In the records below, the line with "Arrenca la temporada" opens the range and the line with "邀请函 | 广州开发区2021-2022年度知识产权助力科创企业上市项目启动仪式活动邀您参加" closes it; print that range exactly and nothing else.

(Source records)
━━━━━━

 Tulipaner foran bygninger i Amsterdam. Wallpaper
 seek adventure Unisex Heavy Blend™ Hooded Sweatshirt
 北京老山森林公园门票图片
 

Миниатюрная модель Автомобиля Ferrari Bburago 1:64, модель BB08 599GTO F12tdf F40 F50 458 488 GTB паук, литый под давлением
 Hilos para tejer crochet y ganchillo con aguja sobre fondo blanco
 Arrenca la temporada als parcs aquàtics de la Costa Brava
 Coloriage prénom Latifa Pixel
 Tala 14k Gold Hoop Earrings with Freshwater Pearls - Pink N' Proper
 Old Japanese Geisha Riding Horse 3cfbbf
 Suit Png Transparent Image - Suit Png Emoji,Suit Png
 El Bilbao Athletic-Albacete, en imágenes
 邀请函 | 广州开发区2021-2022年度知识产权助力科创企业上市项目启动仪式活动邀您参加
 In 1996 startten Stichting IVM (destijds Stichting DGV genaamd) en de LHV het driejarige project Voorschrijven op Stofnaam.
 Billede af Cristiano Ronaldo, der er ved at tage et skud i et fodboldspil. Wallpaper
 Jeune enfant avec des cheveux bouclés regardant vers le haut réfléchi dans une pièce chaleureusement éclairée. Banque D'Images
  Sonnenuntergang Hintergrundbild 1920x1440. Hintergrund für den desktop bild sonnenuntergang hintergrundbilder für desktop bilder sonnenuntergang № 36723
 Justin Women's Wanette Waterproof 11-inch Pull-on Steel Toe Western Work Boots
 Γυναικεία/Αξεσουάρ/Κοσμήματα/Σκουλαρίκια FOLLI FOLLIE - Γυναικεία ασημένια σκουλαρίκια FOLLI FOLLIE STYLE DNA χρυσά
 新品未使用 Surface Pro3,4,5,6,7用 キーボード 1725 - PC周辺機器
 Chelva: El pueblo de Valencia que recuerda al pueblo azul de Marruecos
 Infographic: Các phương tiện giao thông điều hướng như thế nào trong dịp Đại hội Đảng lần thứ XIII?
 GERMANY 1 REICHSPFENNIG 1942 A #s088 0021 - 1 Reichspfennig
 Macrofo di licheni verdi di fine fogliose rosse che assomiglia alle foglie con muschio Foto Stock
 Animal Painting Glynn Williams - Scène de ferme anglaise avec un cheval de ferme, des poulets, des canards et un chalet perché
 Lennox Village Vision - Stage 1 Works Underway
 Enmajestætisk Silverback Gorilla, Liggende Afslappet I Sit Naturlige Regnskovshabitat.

━━━━━━

:: Response to the task ::
 Arrenca la temporada als parcs aquàtics de la Costa Brava
 Coloriage prénom Latifa Pixel
 Tala 14k Gold Hoop Earrings with Freshwater Pearls - Pink N' Proper
 Old Japanese Geisha Riding Horse 3cfbbf
 Suit Png Transparent Image - Suit Png Emoji,Suit Png
 El Bilbao Athletic-Albacete, en imágenes
 邀请函 | 广州开发区2021-2022年度知识产权助力科创企业上市项目启动仪式活动邀您参加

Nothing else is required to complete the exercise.